For a long time, hardware was the biggest restriction we faced when trying to squeeze performance out of our software, especially when writing I/O bound software such as server applications. If we go back ten years, such applications would by far spend most of its time waiting for sockets or disks to become ready for work, especially when bound by 10 Mbit/s uplinks and 5,400 RPM disks. The result? We could be lazy. There was so little to be gained from optimizing the rest of the application code, unless it was really compute intensive, that it really wasn’t worth it.

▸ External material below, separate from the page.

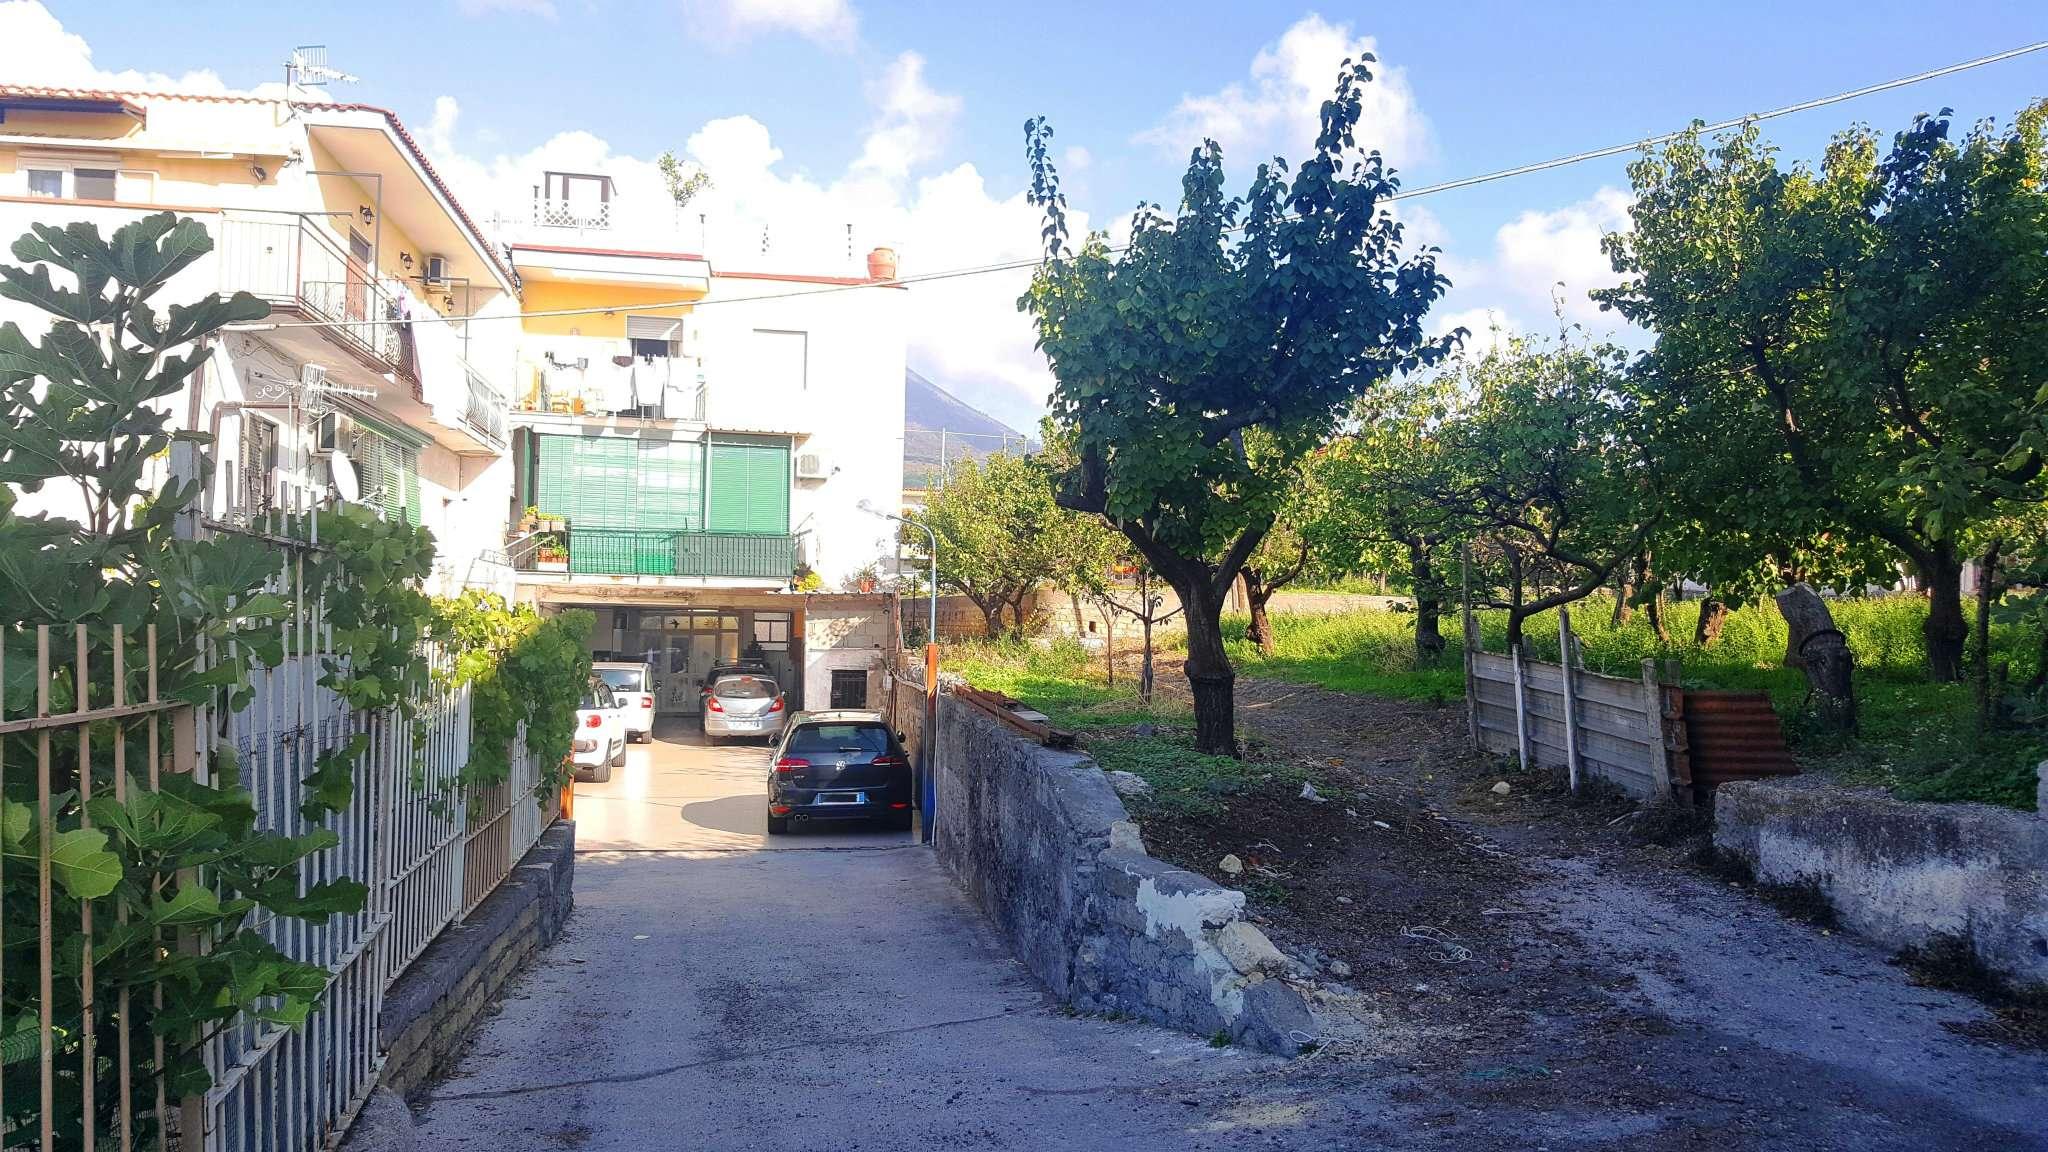 Appartamento in vendita a Ercolano, 2 locali, prezzo € 80.000 | CambioCasa.it

Times have changed though. Nowadays, any data center setup that has had a little bit of money poured into it features 10 Gbit/s ethernet uplinks and SANs that aggregate disk I/O of 15,000 RPM SAS disks to give you an I/O capacity of thousands of operations per second (or tens or even hundred of thousands, if you’re one of those lucky bastards who has a disk shelf stuffed with enterprise SSDs.) Furthermore, even Android phones now sport multi core processors, and mid-range servers regularly have 12 or 16 cores available for the grunt work. The result? Code is now the bottleneck.

A first world problem

I’ve spent a lot of the last half year working on/off on a piece of software, where this is definitely true. At 23 we’ve opted for building and running our own content distribution network rather than relying on third party vendors for reasons that I’ll discuss some other time. When designing the system, one of the goals was to moderate costs of operation by making sure that a single distribution node didn’t need a crapload of RAM to perform decently. The result is an infrastructure centered around a disk persistent, HTTP based caching server that acts as an easy interface for caching relatively large amounts of data. Needless to say, to saturate a 10 Gbit/s uplink with relatively small objects, your software can’t spend a whole lot of time being slow, so it was absolutely key to keep every part of the code as fast as possible while designing and developing the software.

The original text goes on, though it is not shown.